Here's the church
And here's the steeple
Save the rectory!
This is a bit of an out-of-character post for me since I’m much more of an introvert as the few friends who visit my LJ would agree. These days, however, I’ve gotten a feel for living outside my comfort zone and I kinda like it.
So this evening I went for a spring walk through my village after a stressful day at work. There’s not much in the village central of Chelsea, Quebec -- a store, a pub, a coffee house, some homes, a couple of artistic type galleries and the church and graveyard property. It’s pretty much the same scenery as it was when I was a child growing up here. Little has changed except my elementary school and school yard. The school is now a community centre and non-denominational too. And where did all those great big trees go that I used to hug and that frost fence that Donna Hayes licked and got her tongue stuck on one cold winter day. And to be sure, right next door is the Catholic school counterpart with the same name of St. Stephen. On the same grounds as the church, the dilapidated rectory now closed and condemned and the historic graveyard. Some local artists are trying to stir up interest in fundraising to save the rectory but these days most of the locals only want sewer systems, waste water treatment plants and high density housing also known as a ‘tax base’.
So getting back to my nostalgic trip through the landscape of my childhood I can’t help but be flooded with some of the memories surrounding these places. There’s the old country store where old Gerry Murphy, the aged owner and postmaster would dole out penny candy to the ‘good’ kids along with the mail; the local pub that used to be a house with a ghost in the attic and of course the church property. The church-life which I could tell as many humourous stories as Frank McCourt did in Angela’s Ashes -- like my very first time attending mass and I peed in the pew because I couldn’t hold it, ending up embarrassing the hell out of my father and earning his wrath; how the nuns used to pin a tissue to the girls’ heads if we forgot to bring our kerchiefs on Friday church morning and how my sister used to get enrage the nuns (every time) by using the tissue to blow her nose; my brother picking his nose up on the altar wearing the finest altar boy clothes in front of the whole congregation and the ultimate memory: meeting the coolest Prime Minister Canada ever had and who used to frequent our church.
The adjacent graveyard now houses the graves of both of my parents and my bestest girlfriend Joanne who died of cancer when I was 10. It took me until only a few years ago to find her grave and rekindle a relationship with Pete and Terry her parents. Pete has since passed on and I know Terry doesn’t get enough phone calls from me but we swap birthday/christmas cards and she still keeps the poem I wrote for her daughter over 30 years later. One day I will go and collect the little white rosary she wants me to have from Joanne and my first communion day. Till this day when the church bells of St. Stephen's ring I remember exactly what I was doing and what the weather was like when those same bells rang out the news of Joanne's death to the community.

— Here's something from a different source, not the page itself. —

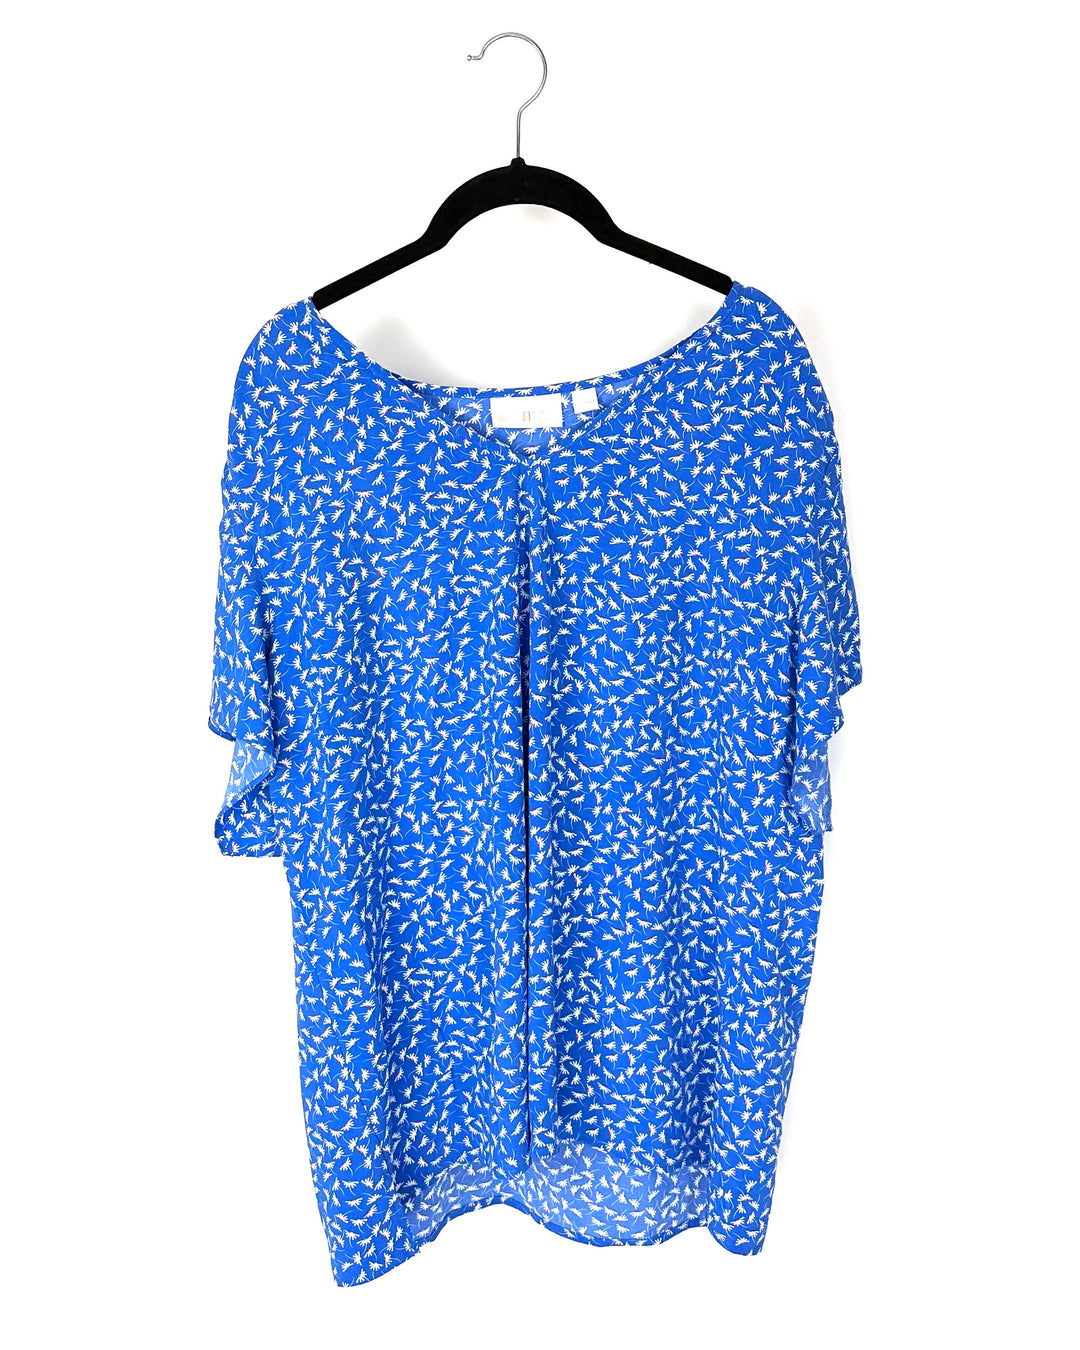 Blue Floral Short-Sleeve Blouse - Size 14-16
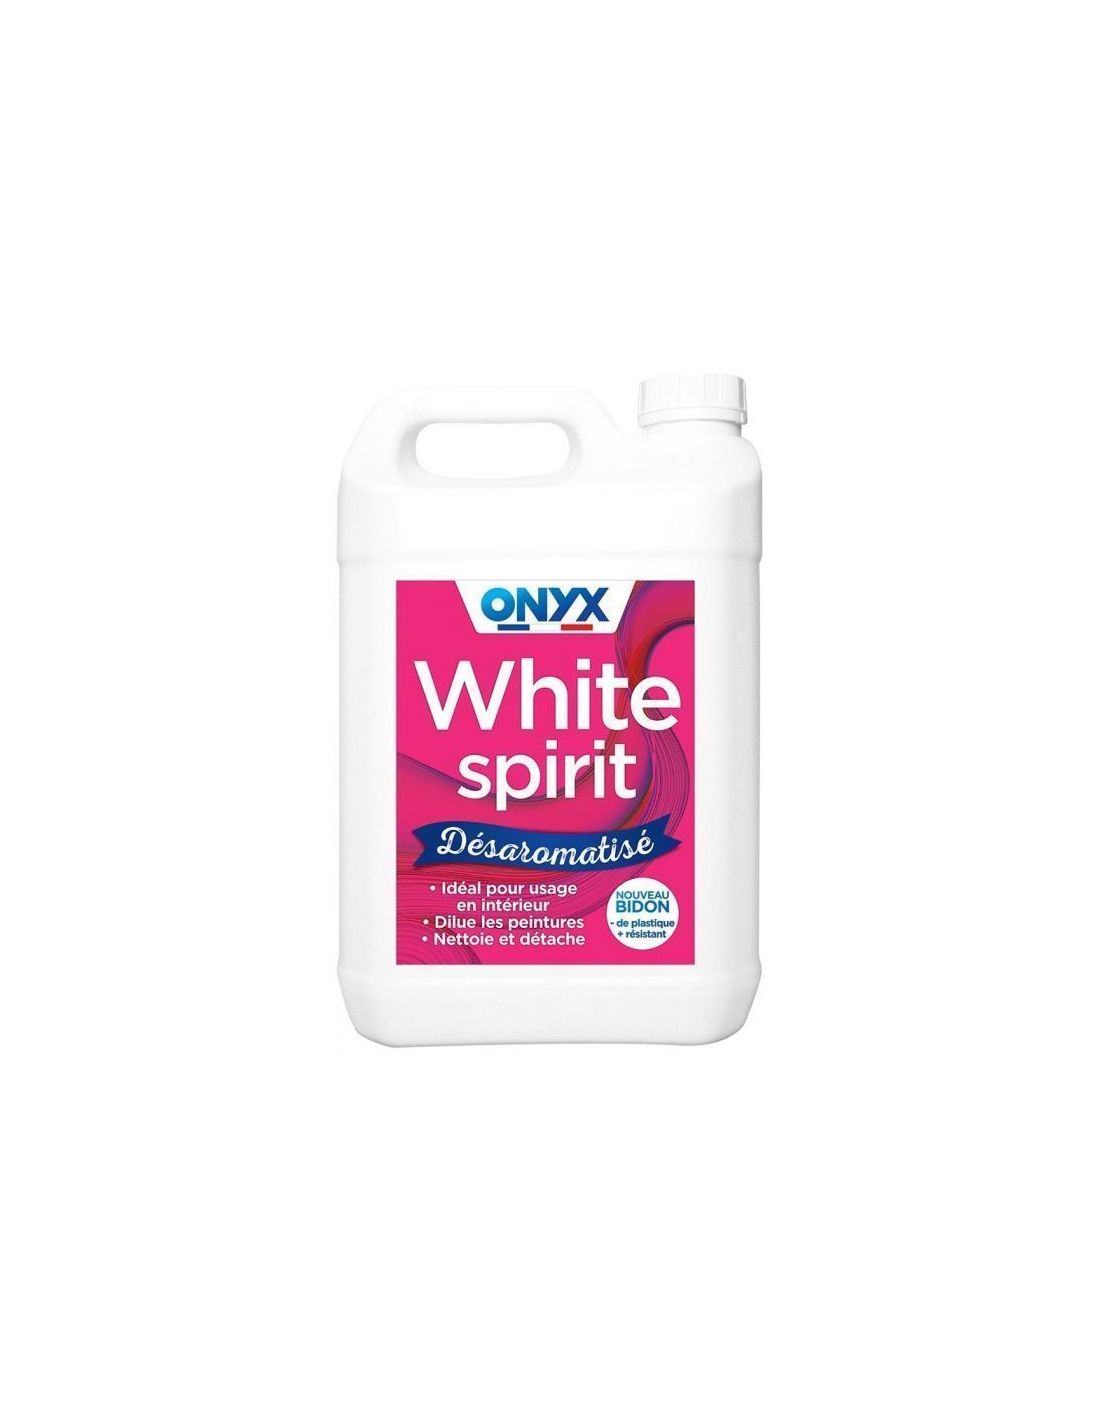 White spirit désaromatisé 1L - ONYX

Now the rectory brings back some of the strongest memories of all - they say the olfactory sense is the strongest stimulus for nostalgia and for some odd reason I equate the sickly sweet smell of cigar smoke with conversion from the Anglican religion to Catholicism. This would be the time when I was between 5 and 6 years old and Mom decided that if her children were to be baptized and educated in the Catholic faith then so should she. Each Monday night Mom would go to the rectory for lessons with Father Brennan and I accompanied her. I was not allowed to go into the rooms where the priest conducted his lessons with Mom but was to sit on the high bench outside the room waiting. My legs were too short to touch the floor and if I sat back against the back of the bench then the angle of the seat edge cut painfully into the backs of my legs. So all I could do was literally sit on the edge of my seat with my legs dangling taking in my surroundings waiting for Mom to be converted. Mabel, the live-in trusty housekeeper had the comfy chairs in the parlour and I wasn’t allowed to sit with her. She only liked priests and certainly not children. So there wasn’t much to see or do for me in the darkened entry way but always take in that present and persistent odour. Father Brennan, when he wasn’t spraying incense, was a serious cigar smoker. Years later that same rectory saw me and my husband taking marriage prep lessons. And you guessed it - I married an Anglican. The ceremony was conducted with not the least bit of cigar smoke odour present either.
So in my village, as in most villages, the church and its grounds are still the focal point structures. I left the church for many years - it held only hellfire and damnation for me until a few years ago when I re-discovered prayer. And while not a devout and fully practicing Catholic I came back to a place that is as uncaring or as caring as the people who go there -- pretty much like everywhere else. And that includes my home town. Most of my school chums’ parents still go every Sunday even if their kids have moved away. I know for a fact though that if any of them were to come for a visit to the village square they’d end up smack dab in the same place I do. There’s nowhere else to go -- that is not until the developers have their way. And the church and the periphery of woods and nature will fade into obscurity forever.